Report: FDA harassing local distiller who made hand sanitizer during pandemic
– Reason Magazine reports –
Calwise Spirits receives demanding letter from FDA
– One year ago, when distiller Aaron Bergh of Calwise Spirits in Paso Robles, California, donated the last of the hand sanitizer he had produced to address shortages during the early days of the COVID pandemic, he assumed that this unexpected detour in the life of his small business was behind him. Then, in June, he received an unexpected letter from the Food and Drug Administration (FDA) informing him that a sample of his sanitizer taken in December 2020 exceeded temporary limits of two impurities and demanding extensive records of his production and distribution.

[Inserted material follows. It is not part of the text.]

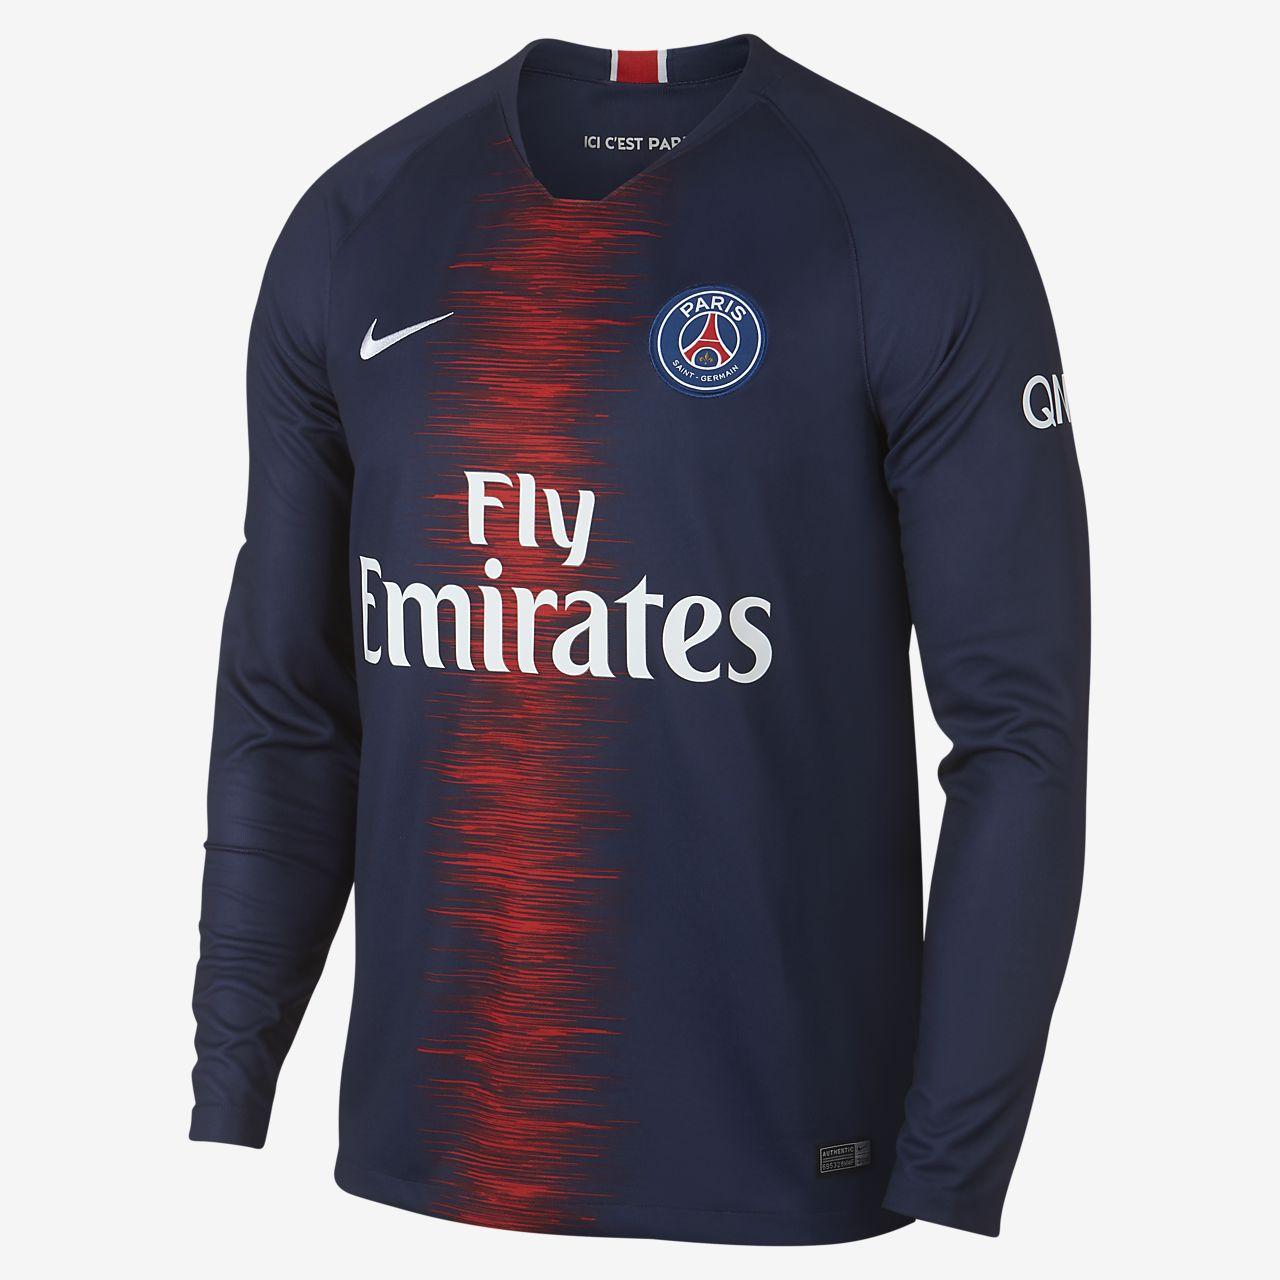 2018 19 paris saint germain stadium home uzun kollu erkek futbol formas tr. Black Bedroom Furniture Sets. Home Design Ideas

Bergh isn’t the only one. Rebecca Harris, president of the American Craft Spirits Association, says that at least 11 distillers in nine states have received similar letters from the FDA. At primary issue is acetaldehyde, a chemical that occurs naturally in fruits and dairy products, as well as in beer, wine, and spirits. The FDA sets limits on its presence in hand sanitizer at 50 parts per million (ppm). The sample from Bergh’s distillery tested at 160 ppm and 167 ppm of acetaldehyde and acetal, respectively.
There are valid reasons to limit levels of acetaldehyde in hand sanitizer. The chemical is a potential irritant and is considered a known carcinogen. Yet, it’s also one that most of us consume on a regular basis due to its natural occurrence in many foods and drinks; it’s also produced in our bodies whenever we have an alcoholic beverage as part of the process of breaking down ethanol. If you’ve enjoyed a banana or a beer recently, you’ve consumed acetaldehyde. As with any potentially toxic substance, the risks vary with the level and route of exposure.